The prevalence of disabling hearing loss rose globally from 42 to 466 million cases since 1985, now comprising approximately 6-8% of the world’s population. While congenital deafness, left untreated, leads to poor educational achievements and social isolation, with increasing age, hearing impairment is associated with accelerated cognitive decline and has been linked to an increased risk of dementia. The current COVID-19 pandemic has complicated the lives of the hearing impaired even further.

 

A major goal in auditory science is to understand how the cells of the inner ear develop to provide the exquisite precision of hearing. The organ of Corti, which houses the sensory cells of the inner ear, develops from sensory epithelium derived from ectoderm. Together with innervation of the sensory spiral ganglion cells, the auditory system collects sounds and transforms their mechanical forces into an electrical signal that functions throughout the lifetime. At a molecular level, the interactions of DNA, RNA, and proteins of the auditory system orchestrate a remarkable feat that is summarized in our ability to hear (reviewed in Doetzlhofer & Avraham, Semin Cell Dev Biol 2016).
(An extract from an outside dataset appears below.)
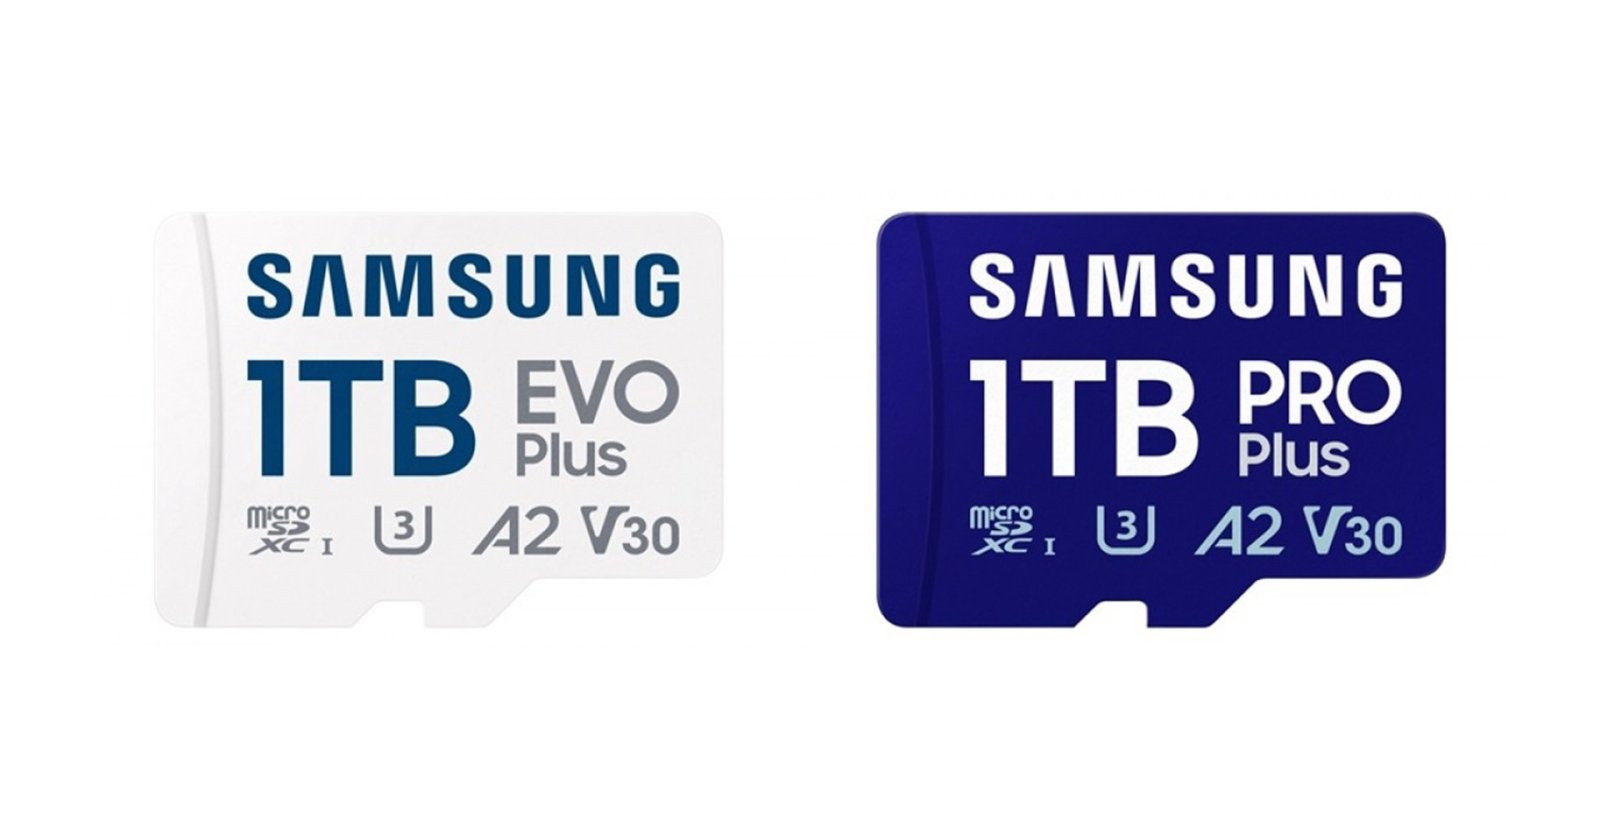 Samsung เริ่มผลิต microSD Card ระดับ 1 TB UHS-1 เต็มกำลัง: เริ่มขายไตรมาส 3 ปีนี้
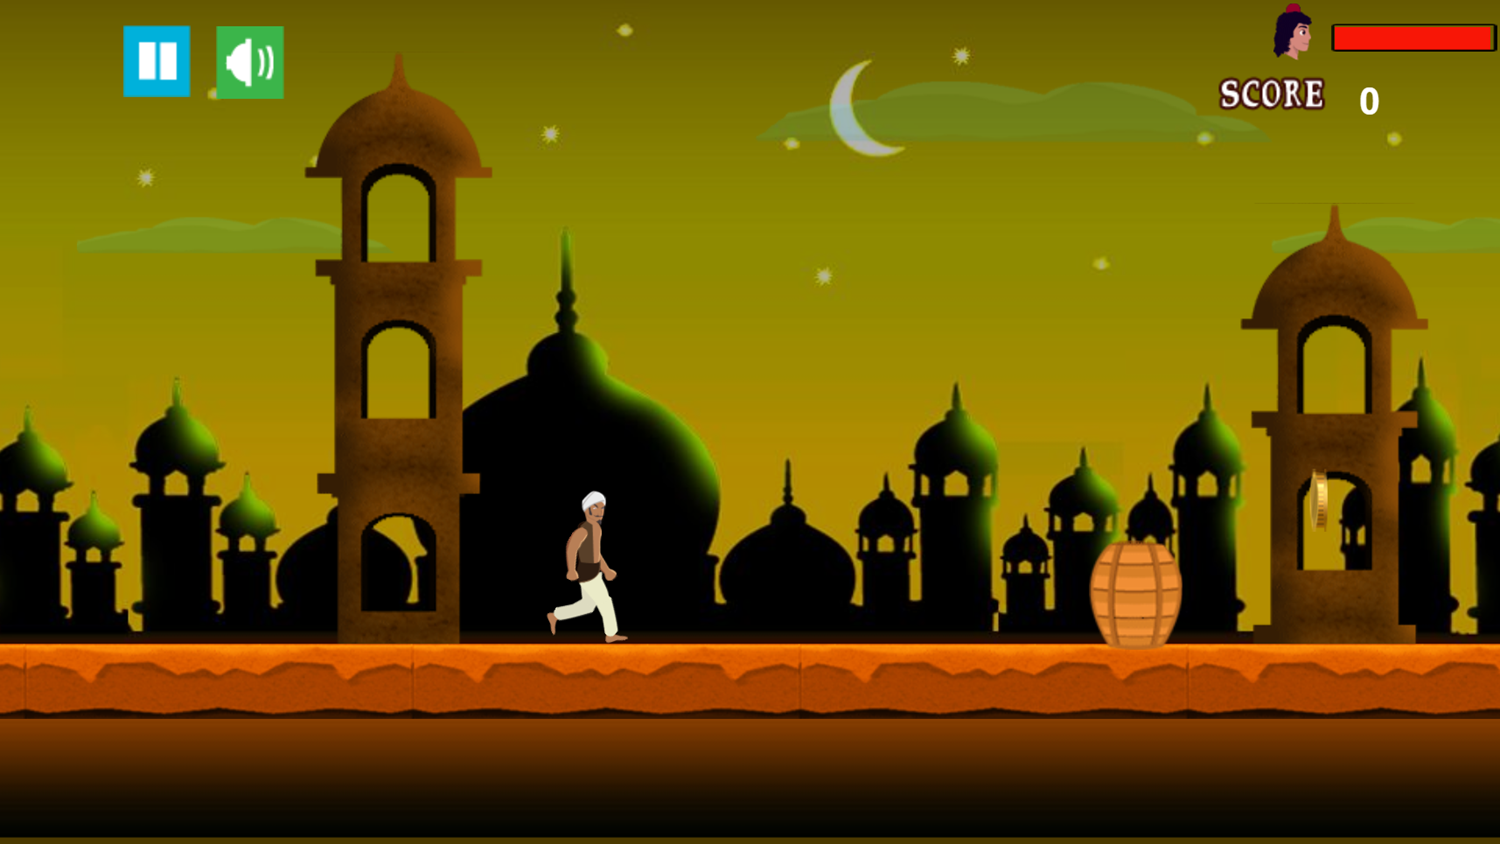 Aladdin Adventure Game Start Screenshot.

The challenge in auditory science is to determine which and how a pathogenic variant in a gene or regulatory element can cause the entire hearing system to fail.

 

The Avraham team is asking the questions: (1) What are the genes that lead to hearing loss and how are they involved in the normal function of the inner ear? (2) How does the regulation of gene expression govern the pathways that determine inner ear function and how do alterations in regulation, on a genetic and epigenetic level, contribute to the pathology of deafness?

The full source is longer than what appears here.